Social Media Navel Gazing

bellybuttonFirst, a definition for anyone who’s never heard that term:

noun: navel-gazing
  1. self-indulgent or excessive contemplation of oneself or a single issue, at the expense of a wider view.
    “he lapsed into his customary navel-gazing”

Social media is a great place to talk about yourself and what you are doing. Your friends, family, and colleagues that aren’t in your daily life can get a quick snapshot of how things are going for you and what you’ve been up to. But this, like all things in life can be over done and it’s really easy to slip into what I like to call “bullhorn mode”.
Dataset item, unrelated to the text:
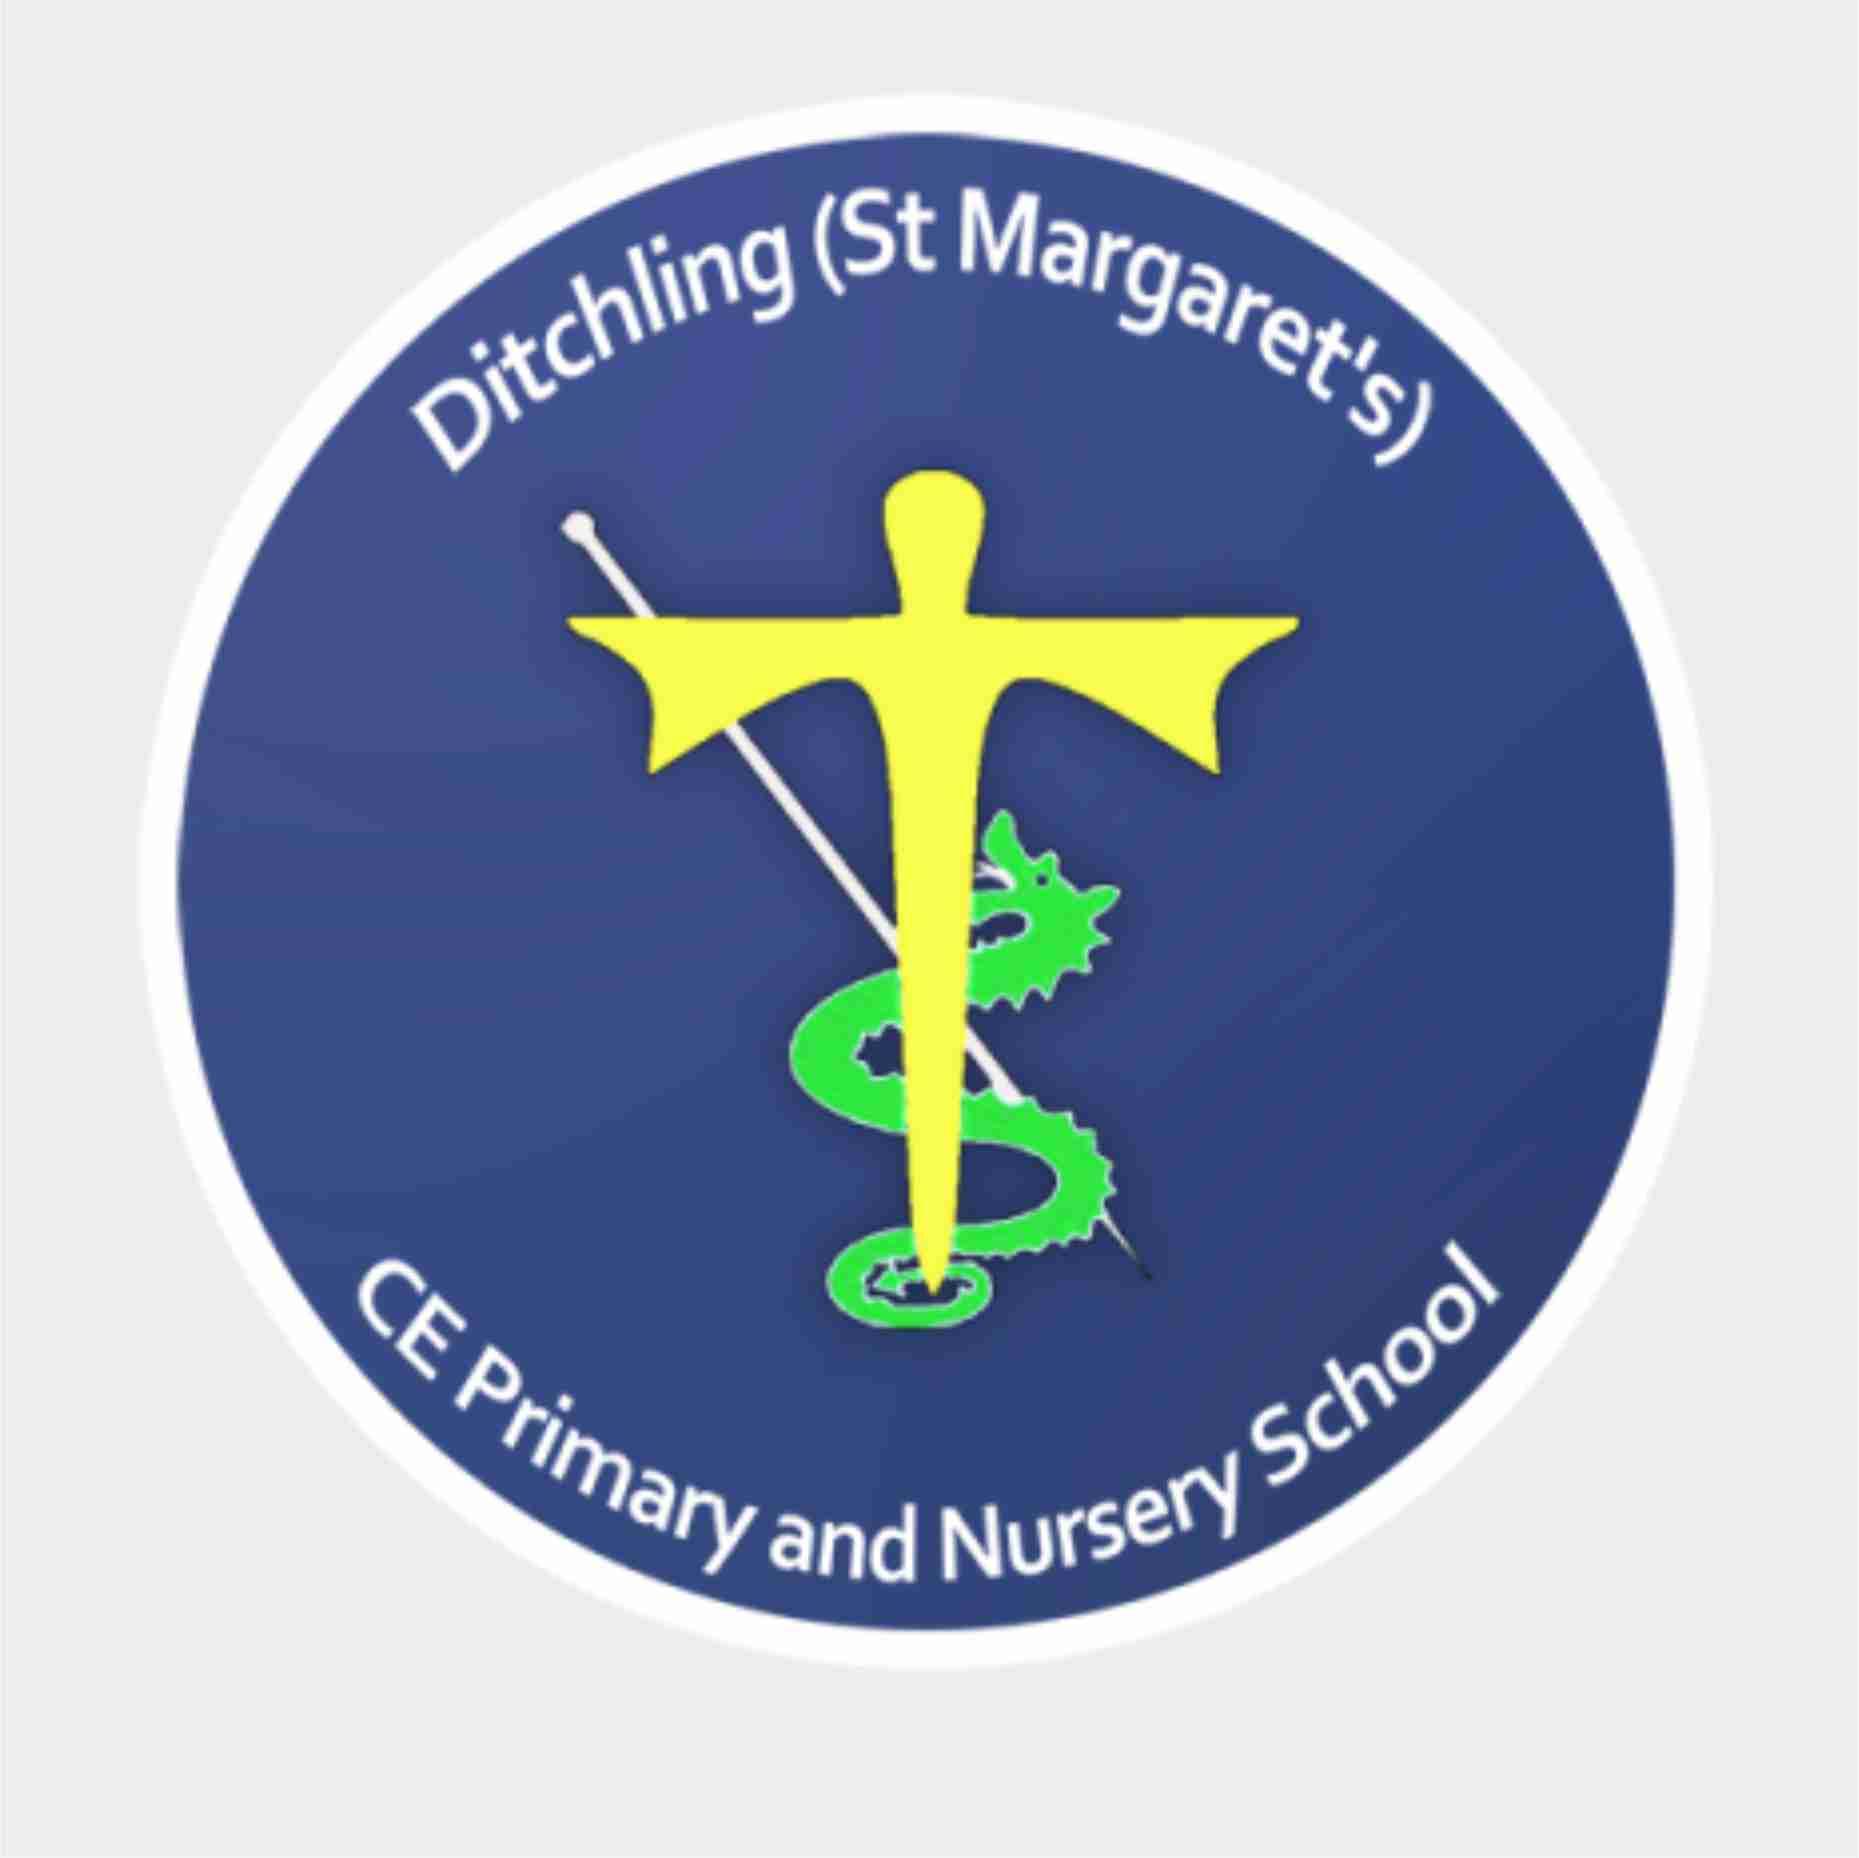 Ditchling St Margaret

When you’re using a bullhorn, you’re not listening. You are only broadcasting, dominating others and are only putting information out there in the world. When you’re on your bullhorn, you’re not taking time to listen and read, you’re not interacting with others, and there is no community in what you’re doing. It’s so easy to skim, click like a few times, write something about what you did to day, and move on.
Recently, I read an article on not liking things on Facebook. I think this is an important concept, because it makes it harder for you to just take the easy way. It’s not that it’s bad to like, but it’s like the social media version of a non-verbal head bob when you agree with someone. You feel like you’ve done your social duty, and nothing more is required of you. From the time that I stopped liking things my engagement with other talent and with my friends and family has increased many times over, and my Facebook feed has cleaned up, just like in the article.
What do you gain from engagement? Well, that’s the neat thing, you really don’t know. What you put out online stays there forever, and you never know how far your positive statements, your good actions, and your happy thoughts might reach. (The same is true in reverse, of course.) I can’t count the number of connections I’ve gained simply from the fact that I made a post some time, somewhere, or someone mentioned my name online.
So put down your bullhorn. Get your nose out of your navel. Engage, discuss, debate, encourage, uplift, and mention. See how far you can really reach, and see how much good you can do out there.